State College has experienced an unusually snowy winter this year, leading to multiple school delays and cancellations that have affected students, teachers and families across the district, including State High.
While snow days are often exciting for students, the recent weather has raised questions about why snowfall has increased and its impact on learning.
The US’s winter weather depends on the shifts in the polar vortex, which is a large region of cold air that surrounds both Earth’s poles: Antarctica and the Arctic Ocean.
When the polar vortex expands, it sends the cold southward with the jet streams, which are relatively narrow bands of strong wind in the upper levels of the atmosphere. These strong winds are created as the freezing polar winds interact with the warm tropical winds and the difference in the pressure levels creates strong currents. A southward dip of these winds can funnel Arctic air deep into mid-latitudes, causing colder temperatures. Thus, due to a disturbed polar vortex, winter has gotten off to a snowy start in the northern United States this year.
Matthew Bardo, a science teacher, further discussed the reasons for the snowy winter in State College.
“We look at three different things. You can have La Niña, you can have El Niño, or it can be neutral. And right now, we’re experiencing a very weak La Niña pattern, which basically means that the sea surface temperatures in the Pacific Ocean are slightly colder than average. So when that happens, sometimes we see an increase in lake effect snow. So a lot of the snowstorms that we’ve gotten have either been lake effect in nature or these small clipper storms that move from west to east,” Bardo said.
According to the National Environmental Satellite, Data, and Information Service, “Lake effect snow forms when cold, below-freezing air passes over a lake’s warmer waters. This causes some lake water to evaporate and warm the air. Then, the moist air moves away from the lake. After cooling, the air dumps its moisture on the ground, potentially becoming snow.”
In addition to the effect of snowy weather on the outside temperatures, it also affects the school schedules.
Snowy weather has caused delays and cancellations of school in these past months, which can cause disruptions to students’ learning because teachers need to shorten their study materials, and students may forget the material they have been studying before because of school closures.
For students, school cancellations and delays are exciting most of the time, because they have more free time to spend with friends, family, or even doing the homework they had to do.
For other students, a two-hour delay might seem perfect as a regular school schedule.
“For the delays, I feel like it’s a lot better to have a two-hour delay every day than a normal schedule, in my opinion, because you sleep more, you’re more awake during class, and you probably have more time to eat breakfast than if you would wake up normally. So I honestly think that having a delay is better,” sophomore Ghala Altemani said.

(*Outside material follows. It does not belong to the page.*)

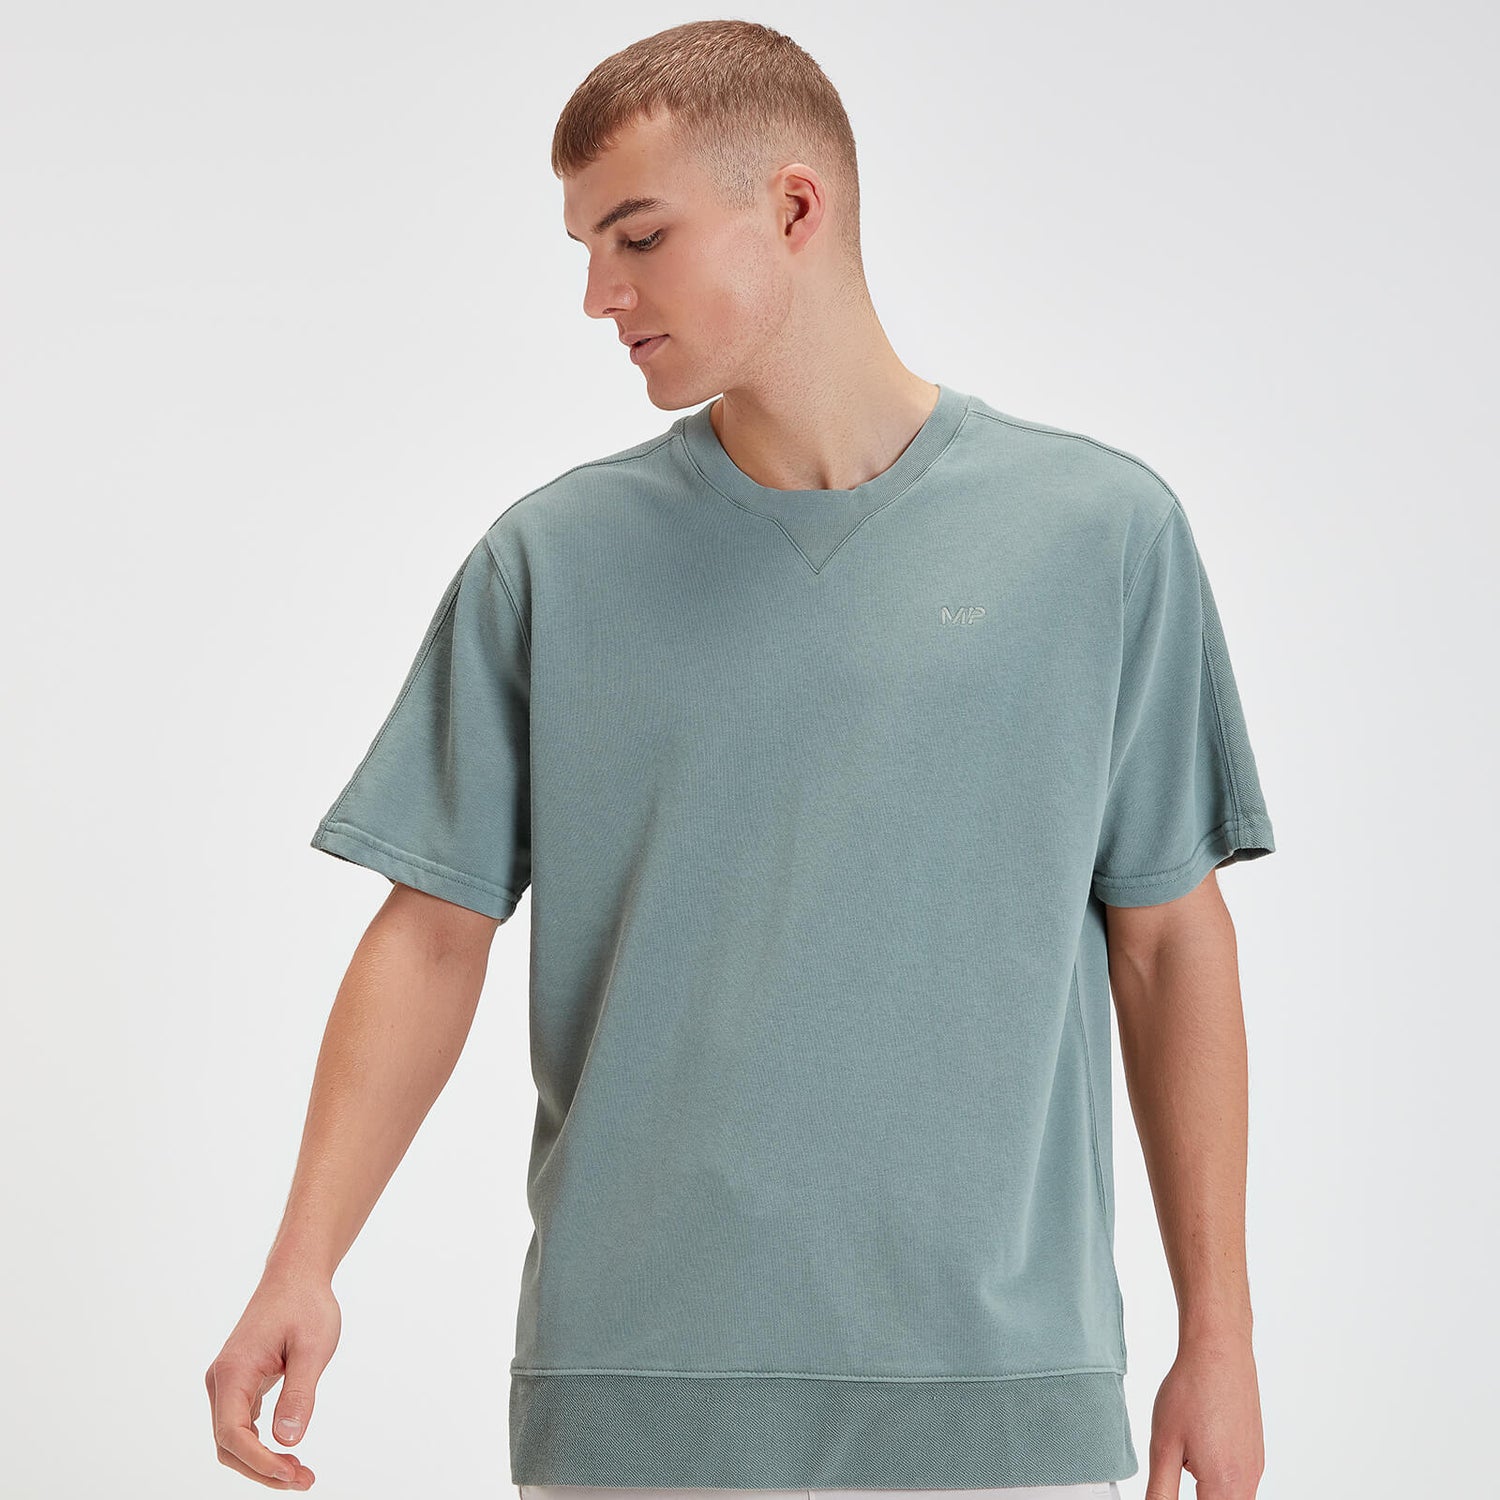 MP Men's Rest Day Short Sleeve T-shirt – Blå/grön - XS

Melissa MacNeely, an ESL teacher, discussed how schools can stop the education disruptions for students by considering a Flexible Instructional Day, where students and teachers learn online and do asynchronous activities. This way, students could practice skills in order to prevent educational disruptions and not forget the past material.
“There’s lots of arguments to foreign against flexible instruction days, but I just think that’s a way that we as a district could make a compromise so that there isn’t so much learning being lost,” MacNeely said.
As winter continues, experts say snowfall may remain unpredictable. Understanding the science behind the snow helps explain why these conditions are happening, while recognising their impact reminds the community that weather affects more than just the forecast; it affects daily life in State College.